Director: David Thorpe
USA, 2014, 77 mins. 30 October 2015 (UK)
RATING: ★★★☆☆
Those of us who are of a progressive and PC mindset might well wonder if it is appropriate to talk about someone ‘sounding gay’, or to suggest there is such as thing as a ‘gay accent’. Writer and director David Thorpe, whose slight but engaging film sets out to investigate these knotty questions, partly gets round that by being an openly gay man himself. But even if you put this all aside, there is the issue of whether or not this is a mission impossible for Thorpe. As the openly gay actor George Takei challenges him in one scene: “well…how do you define ‘sounding straight’?”
As it turns out, these questions have actually been taken up by scientists in the fields of linguistics and anthropology, and Thorpe is actually able to wring some definitions out of them. Prof Benjamin Munson, speech scientist at the University of Minnesota, and Prof Ron Smyth, Linguist at University of Toronto, have long been interested in how sexuality might affect speech patterns and sounds, right down to micro variations. Smyth offers up a kind of ‘gay speech checklist’ that has been devised over years of study: clearer vowels, vowels longer, the S’s are longer, L’s are clearer, Ps, Ts and Ks are over-articulated. The findings provide food for thought, even if they are hardly representative of a large body of research.
Thorpe intersperses into the mix a few archive clips TV showcasing faux-gay performances from stand ups and actors, played for cheap laughs. This is meant to show how mass media has played its part not only in making the gay voice something that people feel they just know when they hear it, but how popular culture has too often reinforced negative stereotypes and helped internalise a form of homophobia and fear within gays themselves. This ties in to David’s explorations of his own and other gay men’s insecurities. David at one point tries to explore if he can talk differently through help from a speech therapist.

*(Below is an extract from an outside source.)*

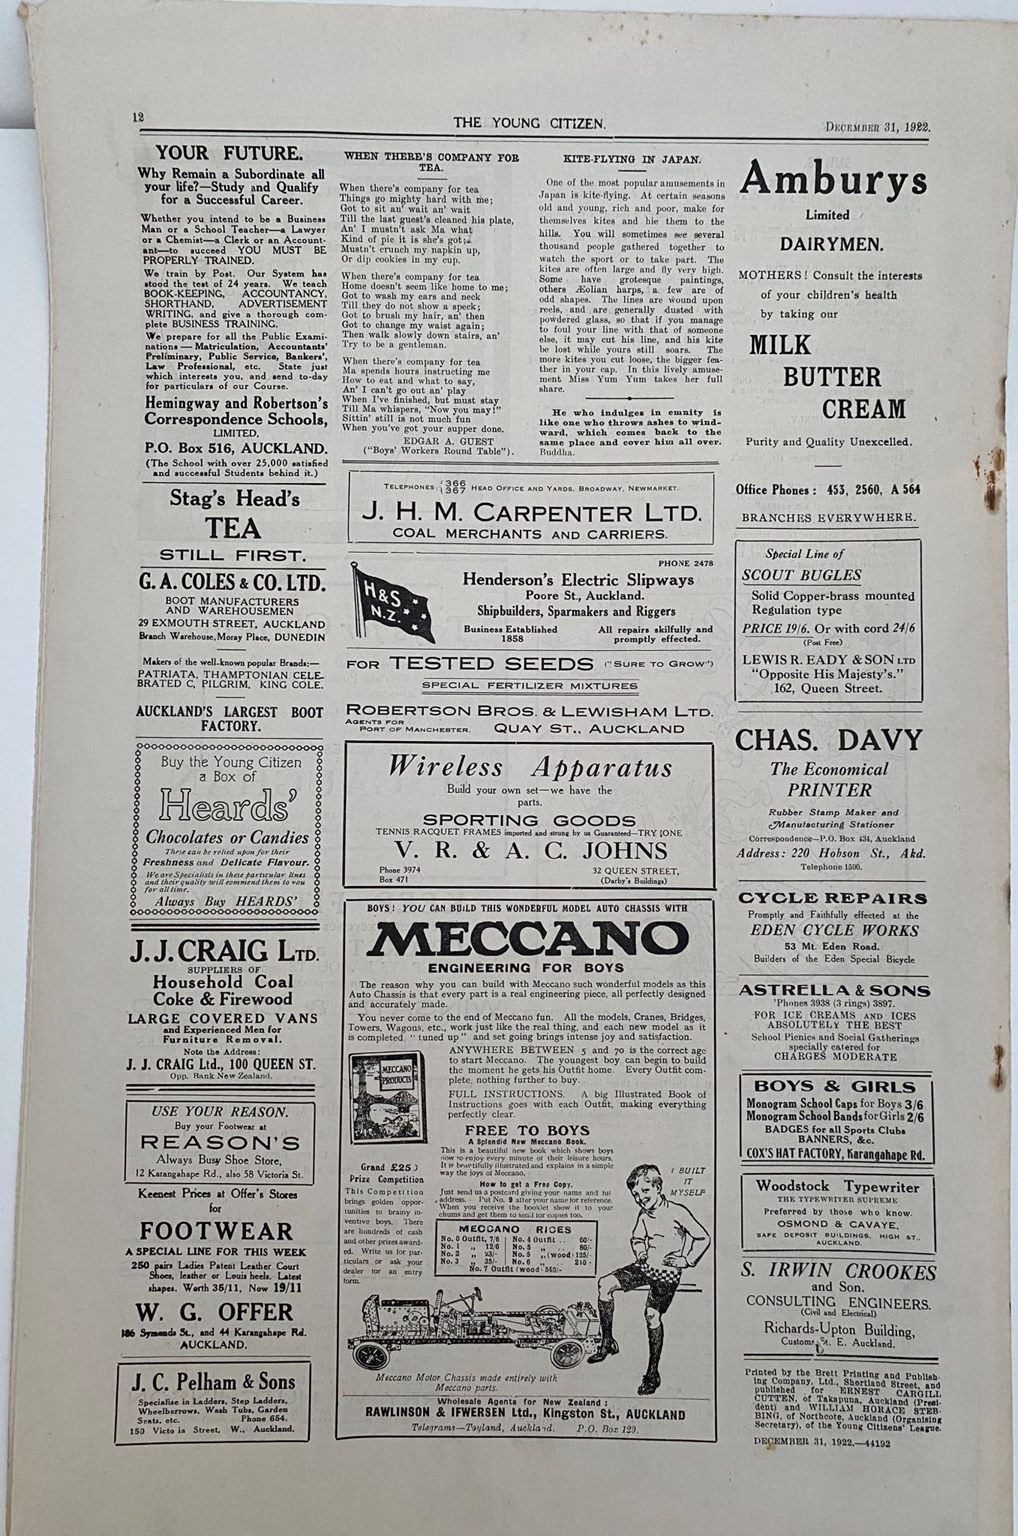 OLD NEWSPAPERS: The Young Citizen League from 1920s

Many viewers will no doubt have the same reaction of Thorpe’s friends: why should the way you sound be thought of as ‘wrong’? But plenty of the interviewees Thorpe consults over his provocative decision, including writer David Sedaris and CNN news anchor Don Lemon, confess that they too felt anxiety over how they sound. Thorpe is young enough to have been born after homosexuality was legalised in the US, but fear of sounding gay seems to have been a sadly normal experience for him and others.
The notion that there is an inherent gay voice is further complicated, and in an interesting way, when David is guided by the linguists he consults to look back on who he spent most of his childhood with. It turns out he probably picked up much of his speech patterns from the women he was close to in his life. Proximity, rather than inherent ‘gayness’, was a factor here. One of Thorpe’s friends, one who he considers could pass for straight, describes how he grew up with three “jock” brothers. Professor Smyth points out that tests frequently show people incorrectly guess the sexuality of men they listen to when asked anyway.
Thorpe’s film is too surface level and short to allow it to function at a deeper scientific level, where it might pick apart the incredibly complex fields of linguistics, the media, and parental studies. But even if the film cant explore interesting phenomena like the persistence of internalised homophobia and fear within gay men in too much detail, the personal stories still resonate. Shocking video footage of 15 year old interviewee Zach Collins being beaten up by a classmate for being ‘faggy’, is a depressing reminder that gay people’s fear of violence in response to them merely opening their mouths is not an illogical one.
Even if it is circling a subject that is beyond its own scope to really plumb in depth, Thorpe’s film remains engaging at all times because the personal journey is relatable, funny and touching, and the film at least provokes a few questions about how we judge our fellow human beings when they speak to us.